Each IClassificationType can be paired with a highlighting style, via a highlighting style registry. Once there is a mapping between classification types and highlighting styles, the text rendering layers know how each classified range should be rendered.

Thus, with the pieces above in place, lexer-based syntax highlighting is achieved.

Overriding Syntax Highlighting

Sometimes it is desirable to override default lexer-based highlighting. Instances of this could be where certain text ranges should be rendered in a specific foreground, such as when highlighting type names in C# code. Or perhaps changing the background color of certain ranges to indicate breakpoints or find results.

As mentioned above, the text rendering layers already use a tag aggregator to watch for updates to IClassificationTag ranges. When updates occur, the text is repainted. Classification taggers (implementations of ITagger<IClassificationTag>) can be ordered. It is very important that classification taggers are set to be ordered before the TaggerKeys.Token tagger, which is the key for the lexer-based syntax highlighting. Otherwise, the syntax highlighting derived from the classification tag ranges will appear under the lexer-based syntax highlighting, where it likely would not be seen.
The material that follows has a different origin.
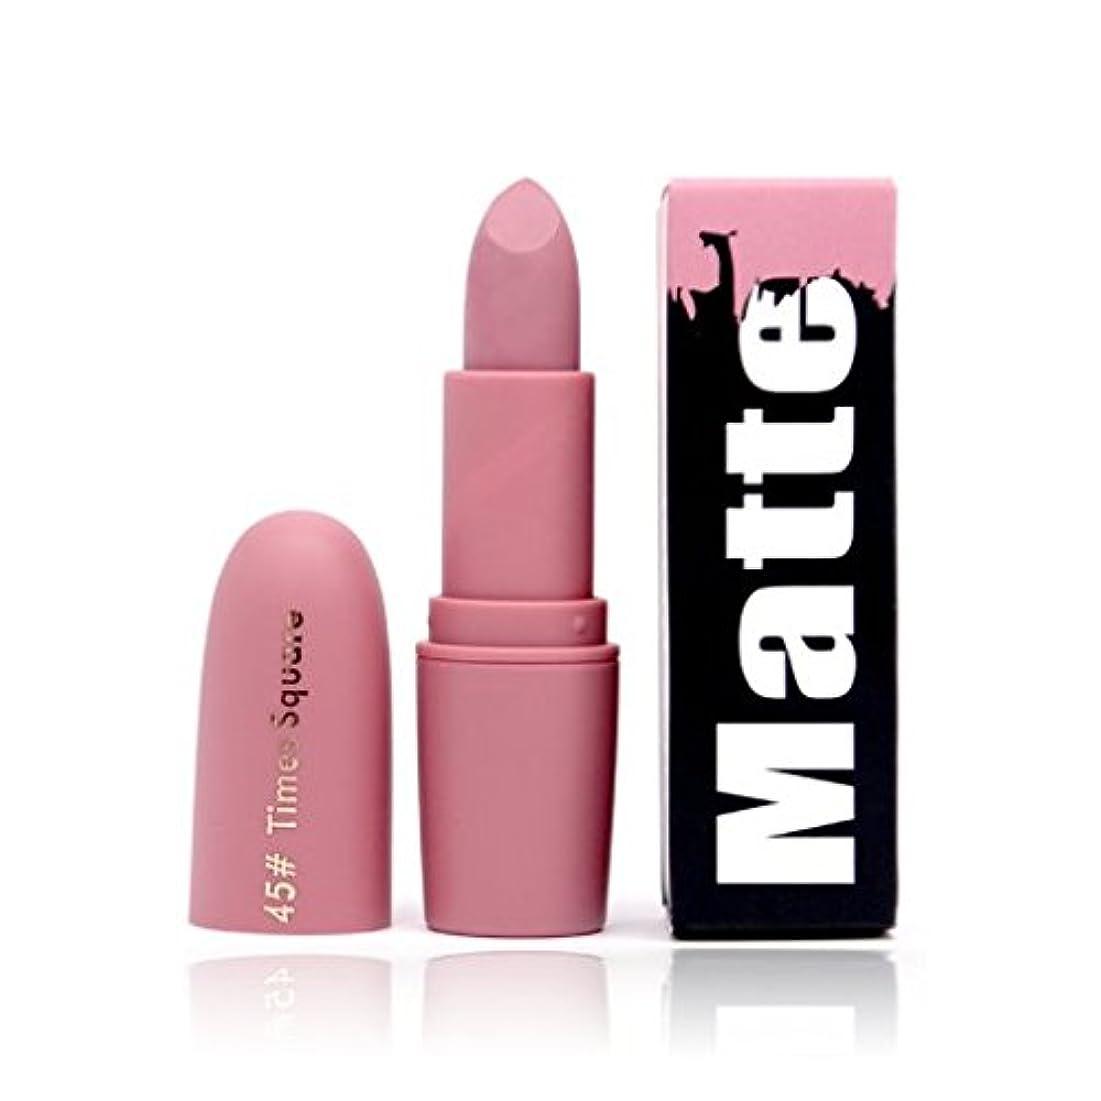 肥満シニス驚いたことにBeauty Matte Moisturizing Lipstick Makeup Lipsticks Lip Stick Waterproof Lipgloss Mate Lipsticks Cosmetic

Several QuickStarts show how to implement taggers that alter syntax highlighting.

Unused Regions

It's sometimes handy to render certain portions of code semi-transparently, such as unused code or regions of code that will not execute due to conditional compilation.

Screenshot

Several unused regions

SyntaxEditor provides a special IUnusedRegionTag that can be provided over text ranges (via an ITagger<IUnusedRegionTag> implementation) that should be considered unused. The text rendering logic uses an internal tag aggregator to watch for those tagged regions and renders contained text in a semi-transparent foreground, while retaining the default syntax highlighting that was applied to the text.

See the Taggers and Tagger Providers topic for more information on tagging.

The default rendering opacity for unused regions is 70%. This value may be altered by changing the IHighlightingStyleRegistry.UnusedRegionForegroundOpacity property.